● Your assignment
Verbatim copy, pictures excluded: every line from the one with "Сумка ручной работы" through the final line of the data below, and no other line.

═════ Dataset extract

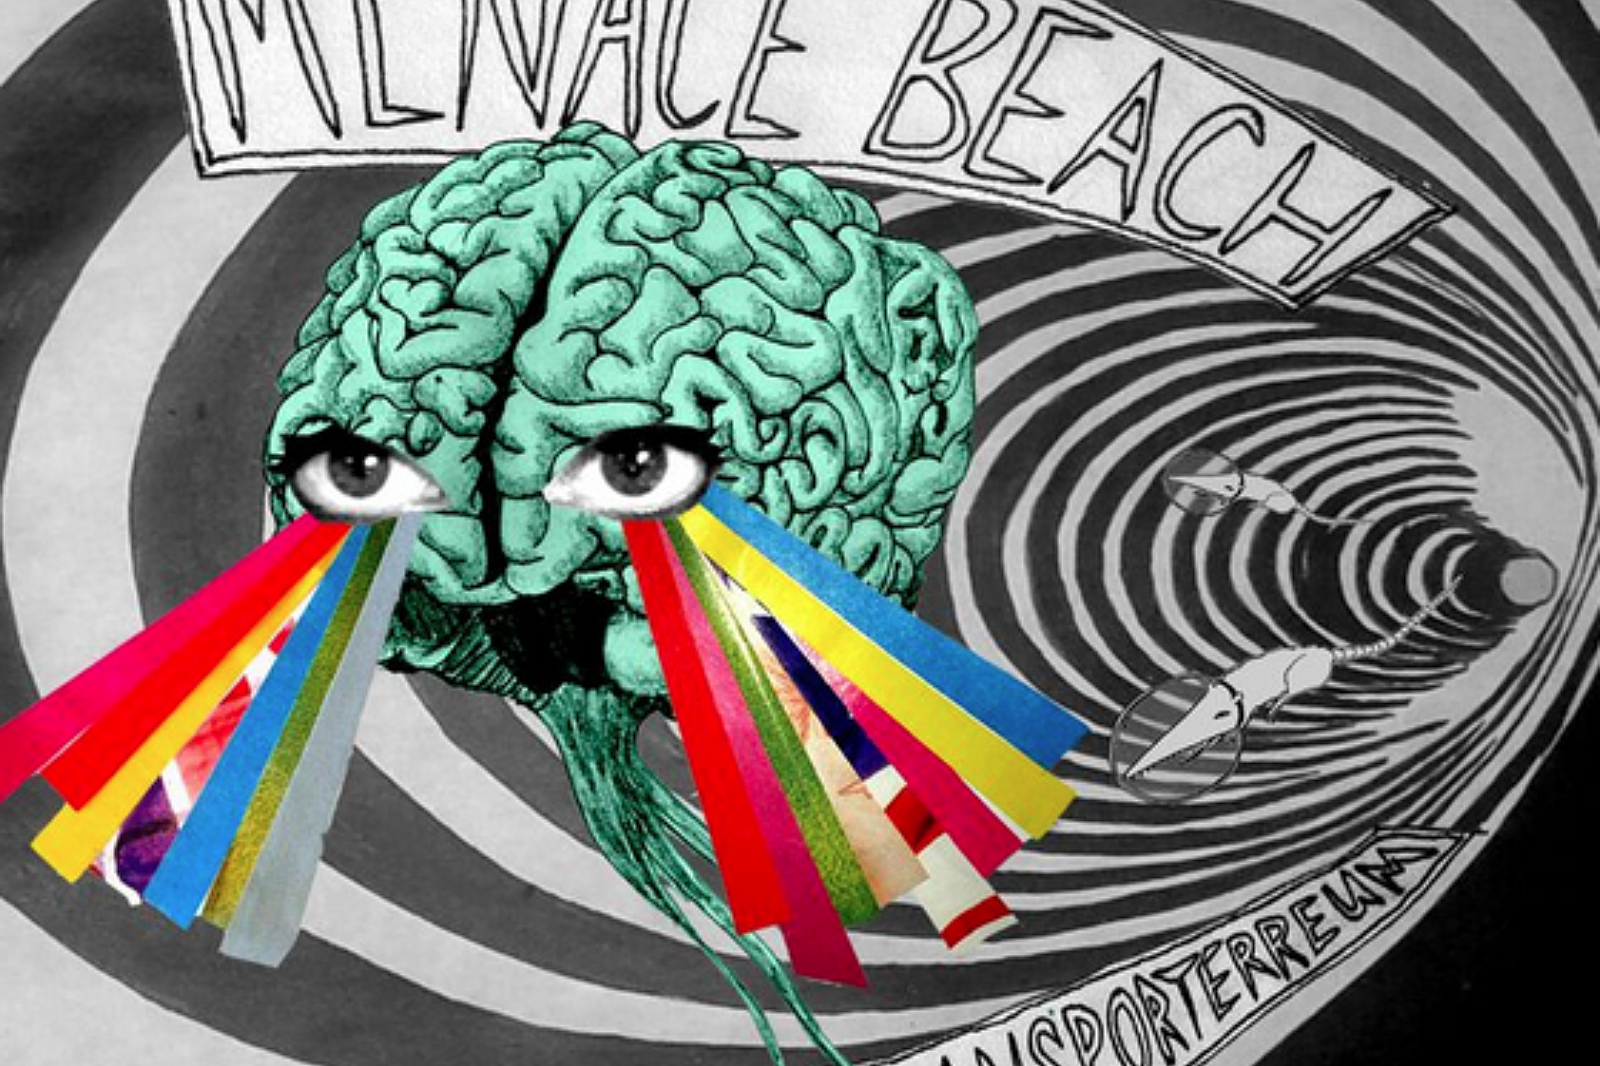 Menace Beach - Super Transporterreum EP
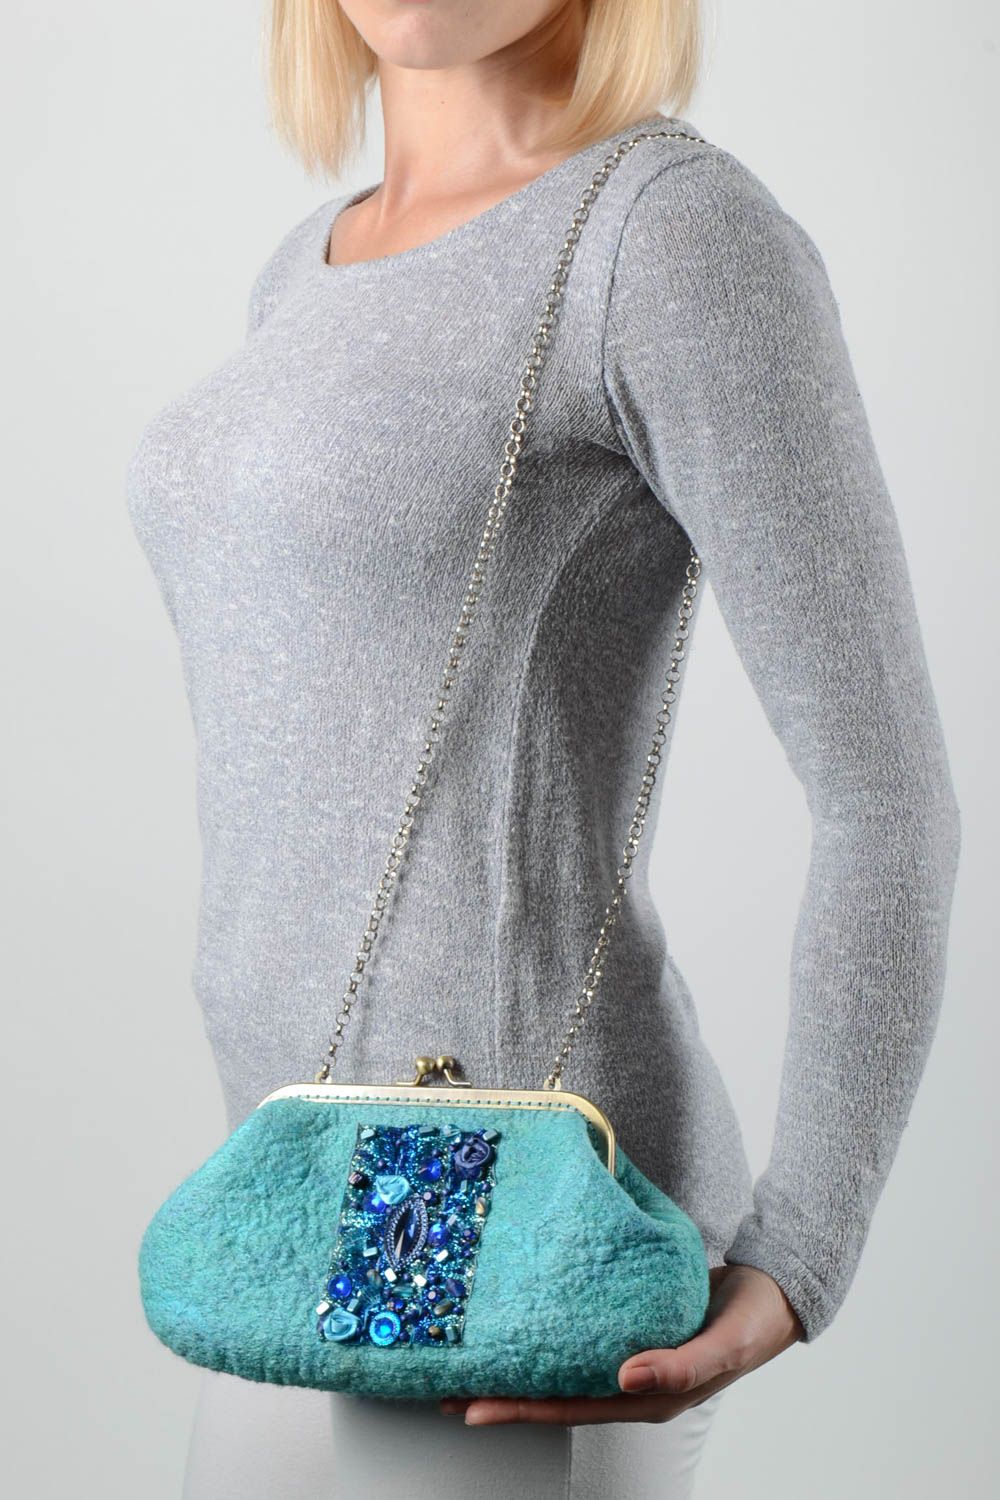 Сумка ручной работы женская сумка на цепочке через плечо из шерсти сумка валяние фото 1
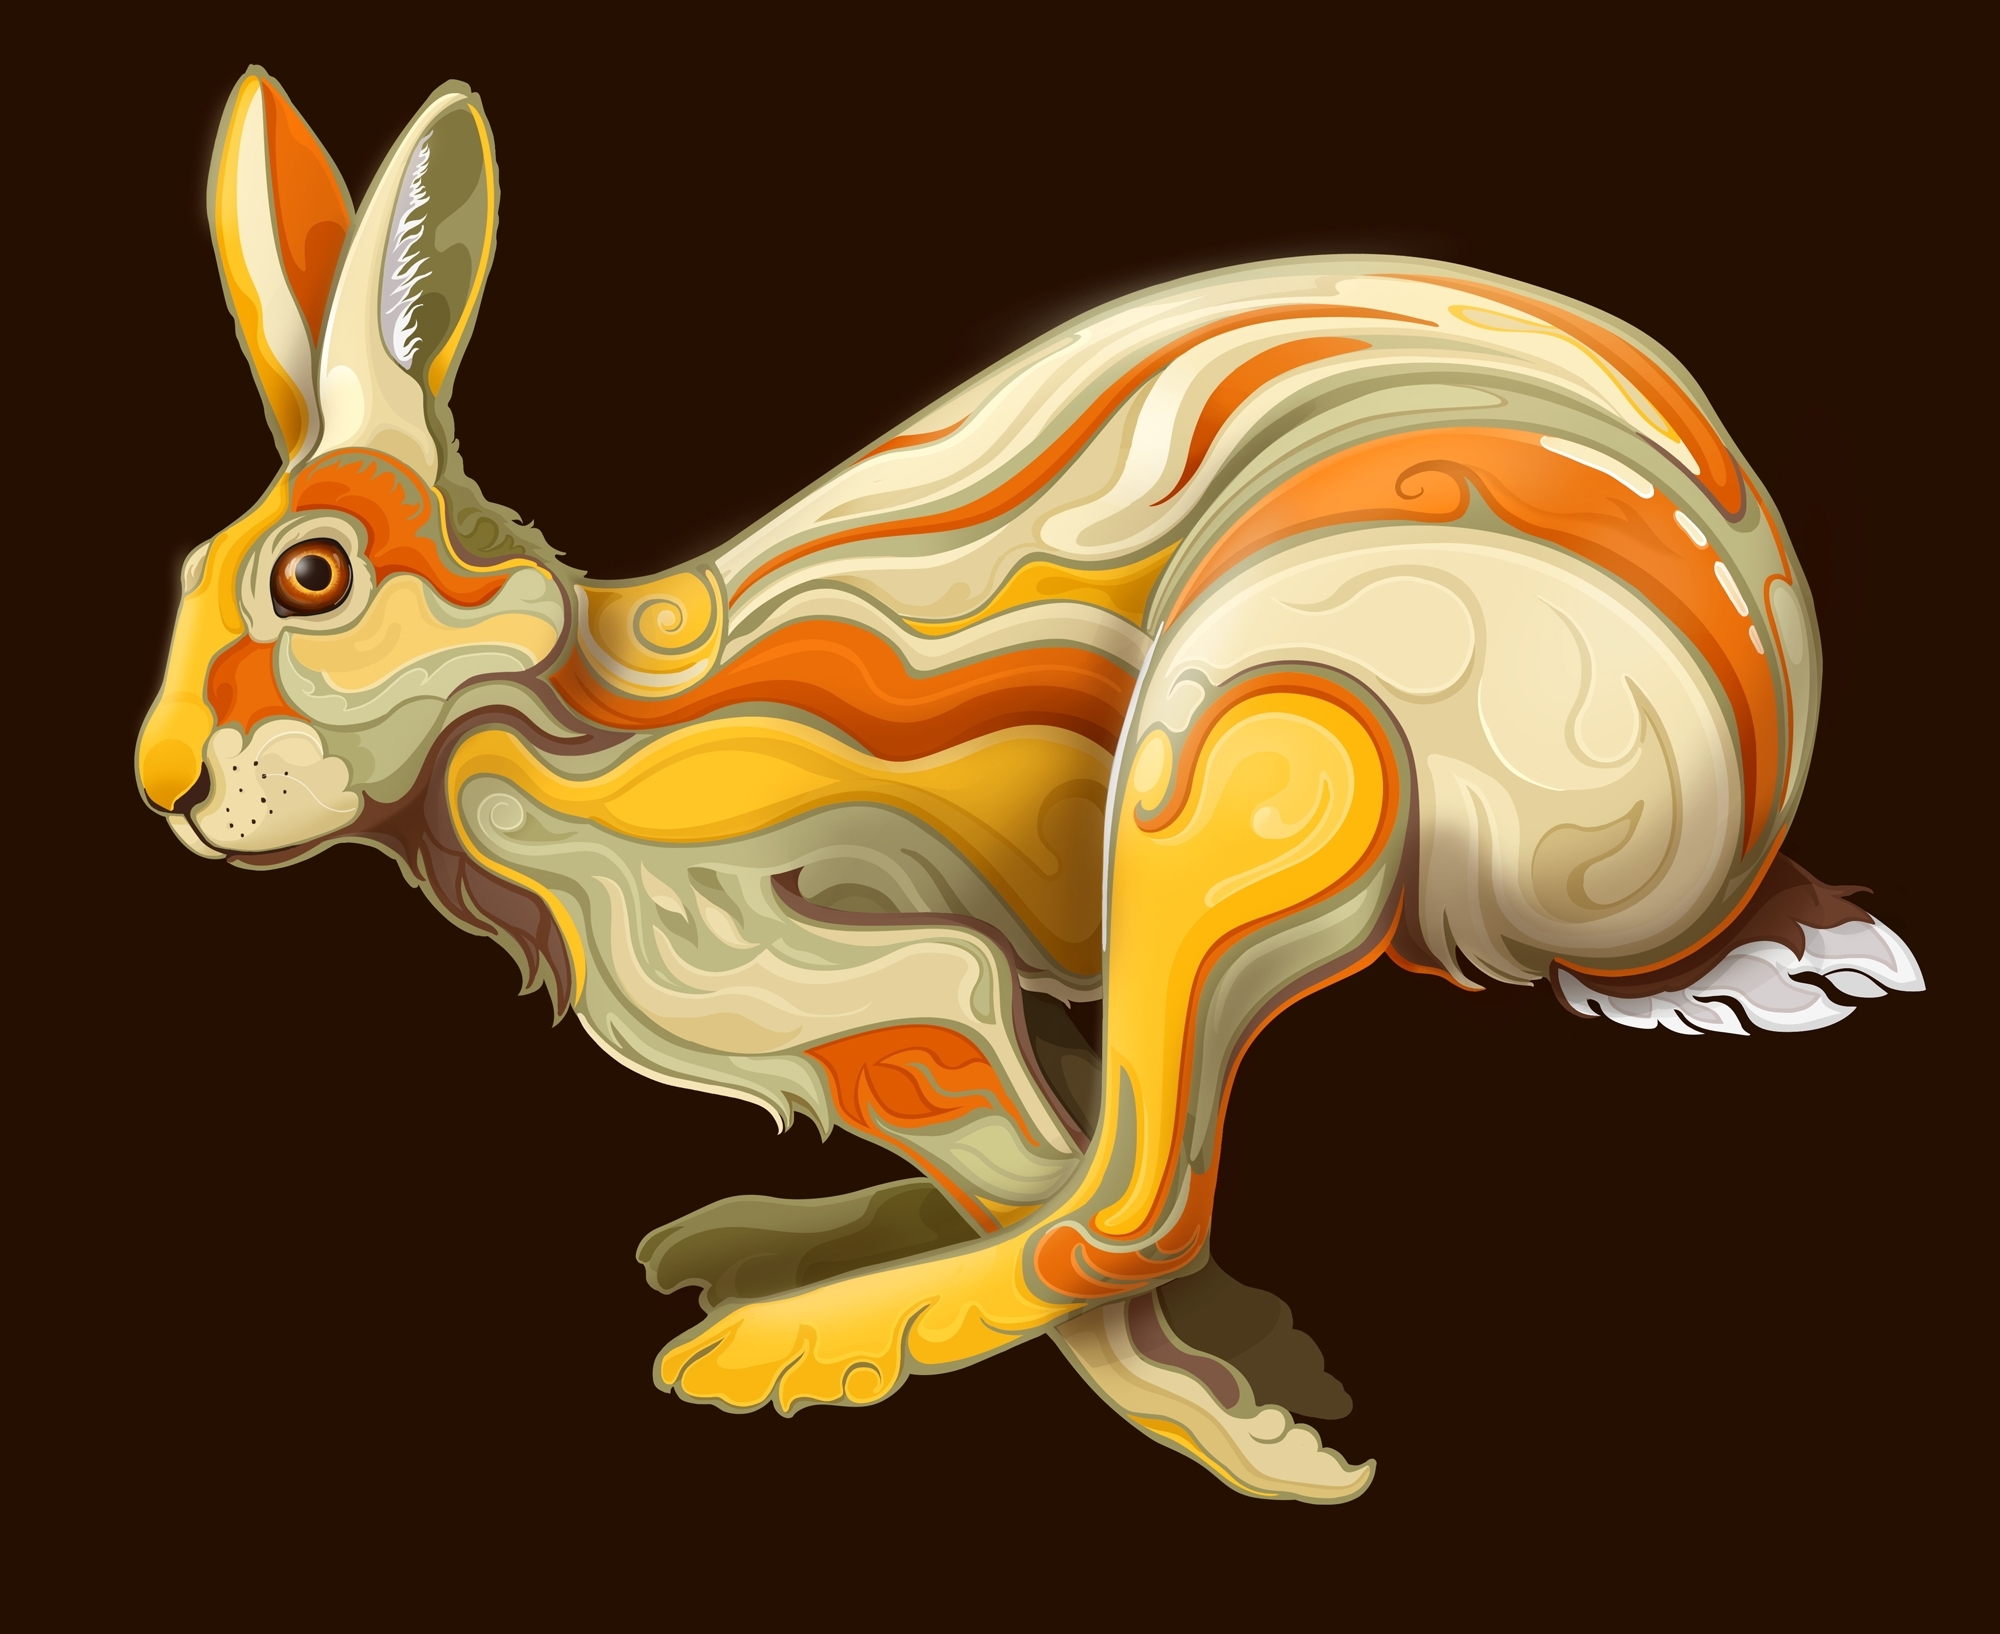 Hare.jpg

══════════

● Output
 Сумка ручной работы женская сумка на цепочке через плечо из шерсти сумка валяние фото 1
 Hare.jpg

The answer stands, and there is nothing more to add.